North American steel manufacturer temporarily shutdown due to Ransomware
One of the world's largest steel manufacturers and mining operators, EVRAZ, has been hit by ransomware. It has hit and brought down the company's North American branches across Canada and the U.S. The infection has been identified as Ryuk ransomware strain.
Temporary layoffs are being issued, and they are hitting employees' wallets. The company's I.T. team has been said trying to contain the infection of ransomware. EVRAZ did not officially accept their systems being infected, but the employees are venting this out to media.
Trio of data breaches hit U.S. and global consumers
Data breaches are on the rise, and this week is just the latest evidence of that. According to reports, three separate enterprise data breaches have hit clothing firm J.Crew, U.S. carrier T-Mobile, and two subsidiaries of cruise ship company Carnival.
There are a lot of unknowns, including the number of impacted customers at J.Crew and T-Mobile. But some of the data leaked is highly concerned. While Carnival's breach involved the fewest number of compromised customers, the leaked data included Social Security numbers and credit card information. You may not be able to prevent enterprise breaches as a consumer. Still, these examples should bring up hard questions about who you trust your data with.

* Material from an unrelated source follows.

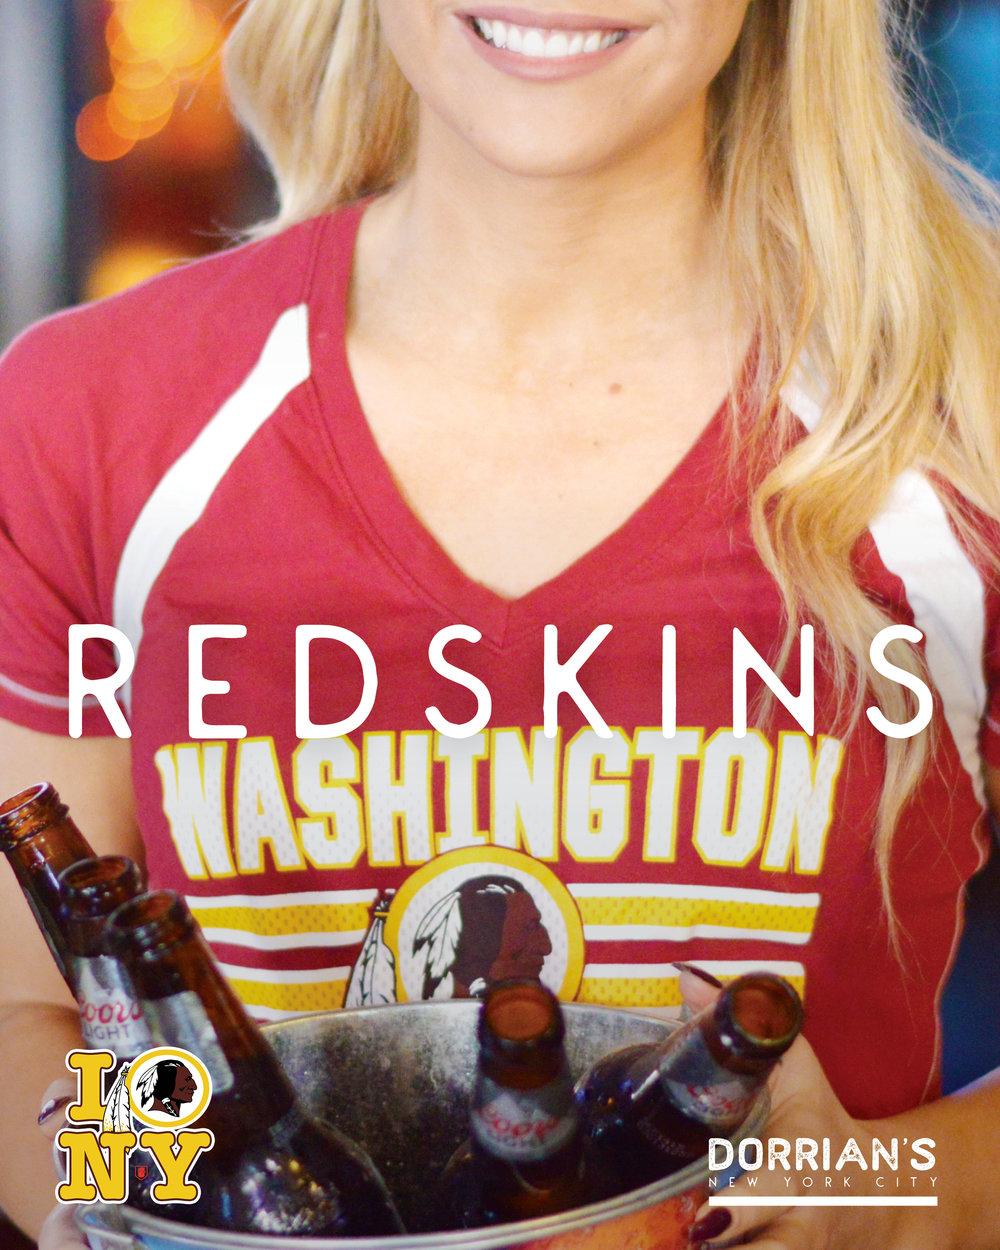 drh_nyc-2018-insta-redskins-two-girls-regulars-4.jpg

Scammers continue to leverage coronavirus in cyberattacks
Malicious actors and continuing to use current events and tragedies to target vulnerable victims. Case in point: security researchers spotted two separate malware campaigns taking advantage of the coronavirus to spread malicious software.
One of those campaigns is a phishing email with a PDF ostensibly containing COVID-19 safety measures. As you might expect, the PDF actually contains a Remcos RAT dropper and a VBS file. Another file, this one a Microsoft Word document, contains malicious macros aimed at dropping a backdoor on impacted systems. The moral of the story: tell everyone you know to be careful what they click on
Phishers used Microsoft OneNote to evade detection
Phishing campaigns are a dime a dozen, but occasionally one will surface that uses unique methods and techniques. Researchers at Cofense have discovered one particular phishing campaign that used Microsoft OneNote, a digital notebook that automatically saves and syncs notes, to evade antivirus and other detection tools.
More specifically, the attacker used OneNote to experiment with various phishing lures that loaded the Agent Tesla key logger onto a user's device or linked to a phishing page. Sometimes, the attacker did both. To further mask the attack, the threat actor sent a OneNote link disguised as an order invoice. They then swapped out that OneNote page with different layouts, malware samples, and phishing links for several weeks.